**What you will do**
Without copying any picture, transcribe exactly the lines of the data below from the one containing "Outside Temperature Raw" through the one containing "WEEKEND ENERGY rib".
*** Opening of Data shown ***
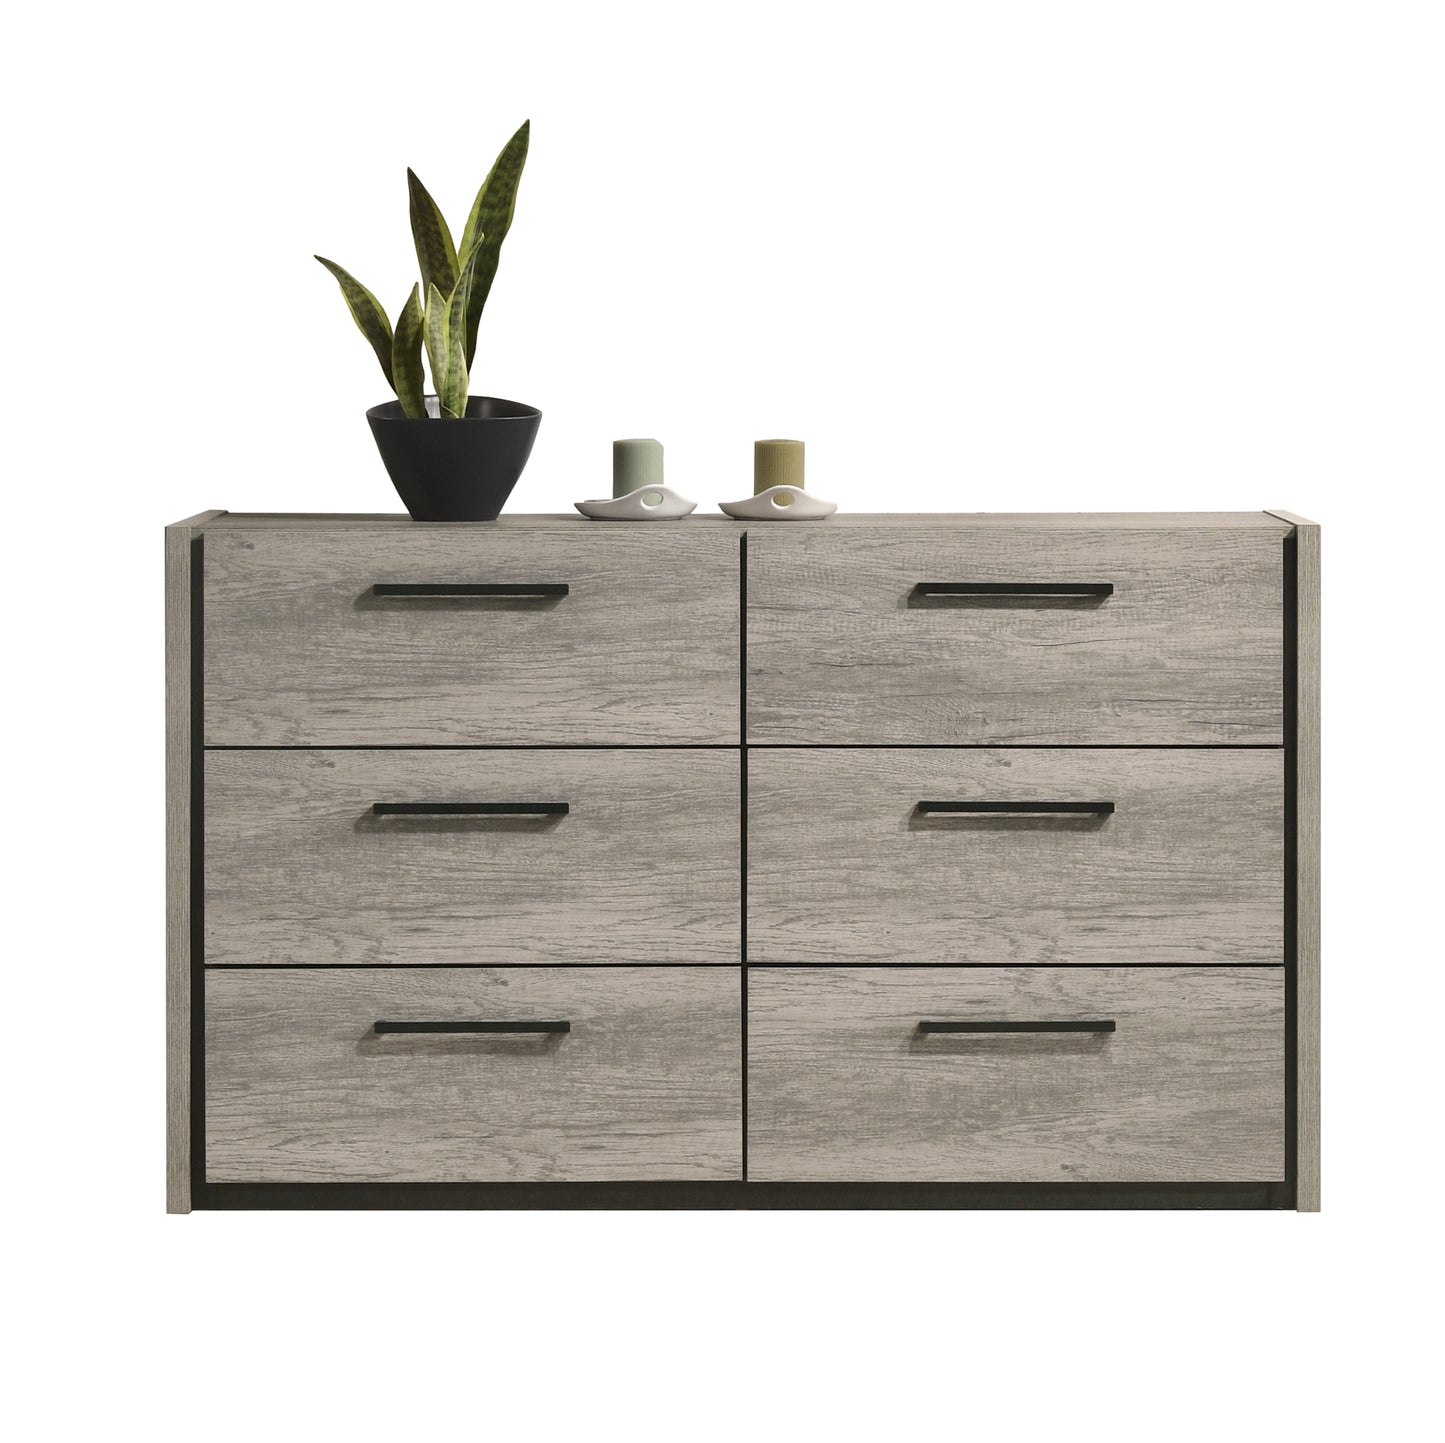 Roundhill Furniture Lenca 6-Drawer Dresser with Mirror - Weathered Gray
*** Close of Data shown ***
*** Opening of Data shown ***
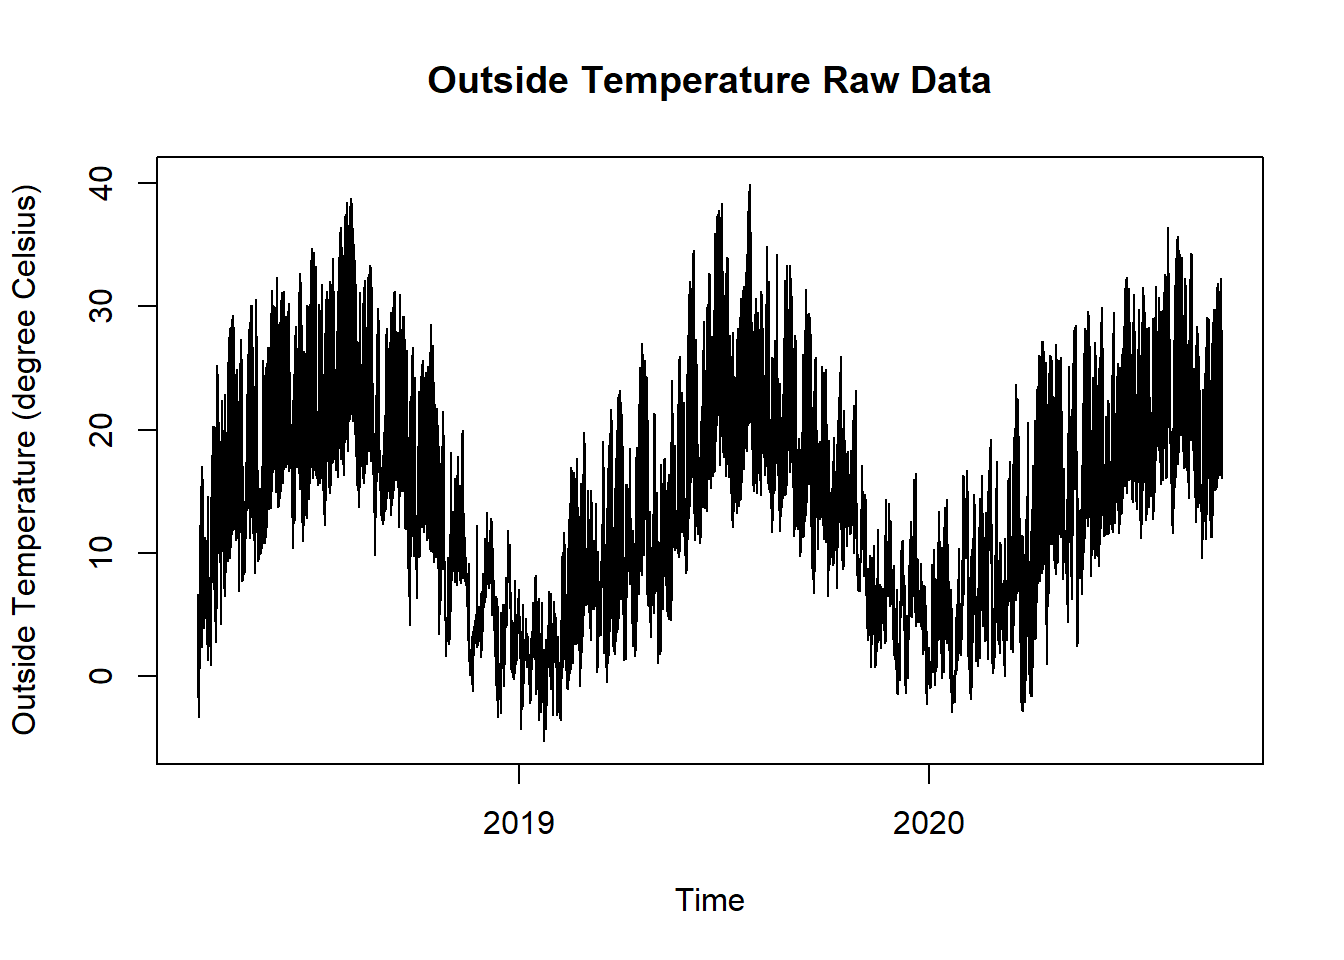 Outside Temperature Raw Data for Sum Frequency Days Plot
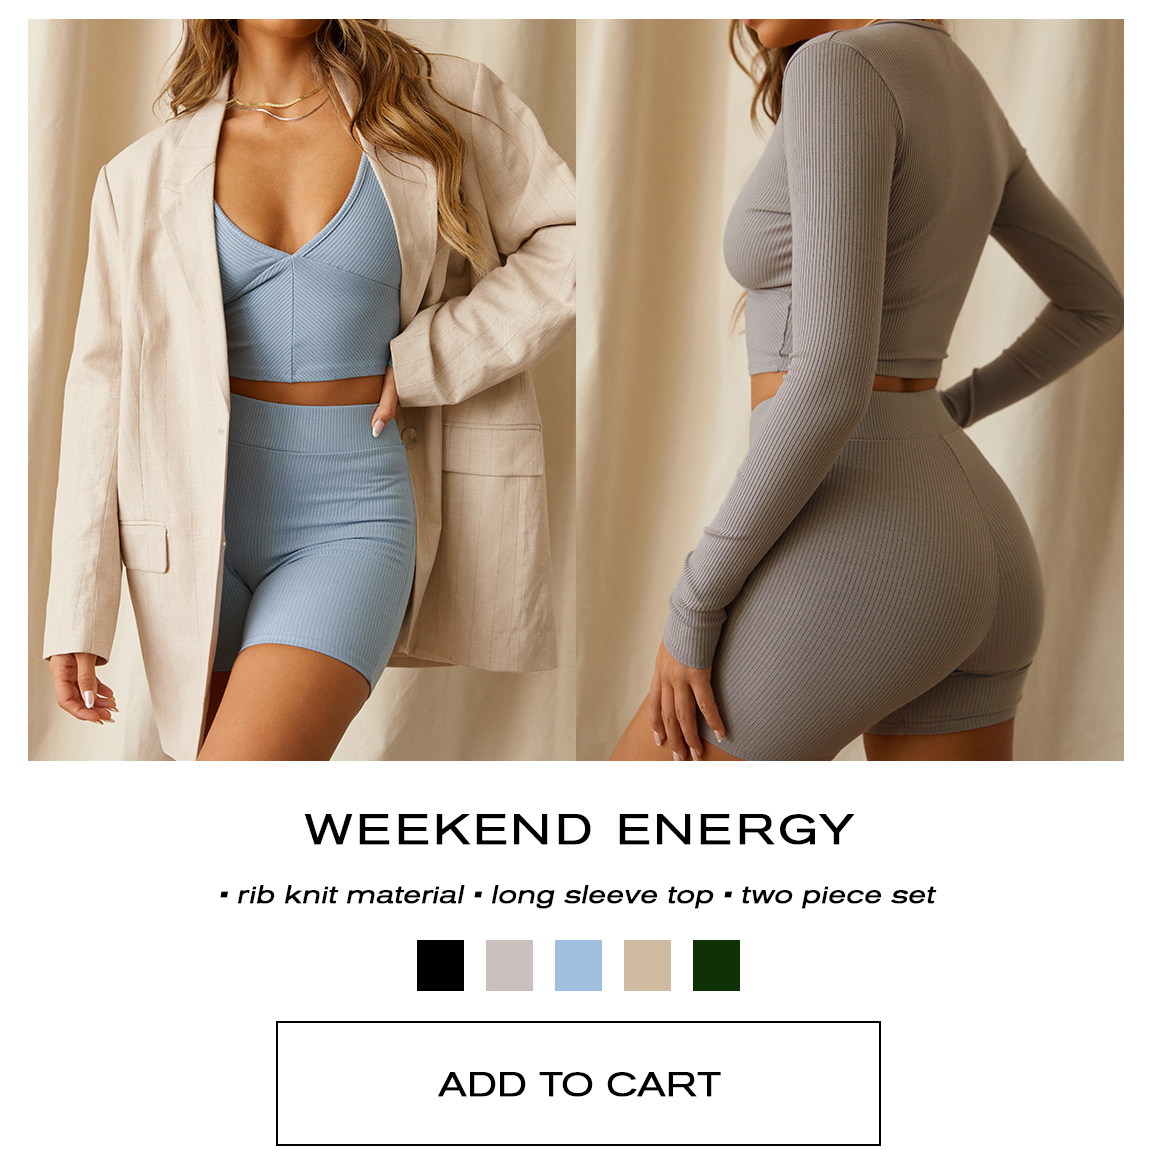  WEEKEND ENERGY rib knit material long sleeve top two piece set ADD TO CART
*** Close of Data shown ***
**Completed task**
 Outside Temperature Raw Data for Sum Frequency Days Plot
  WEEKEND ENERGY rib knit material long sleeve top two piece set ADD TO CART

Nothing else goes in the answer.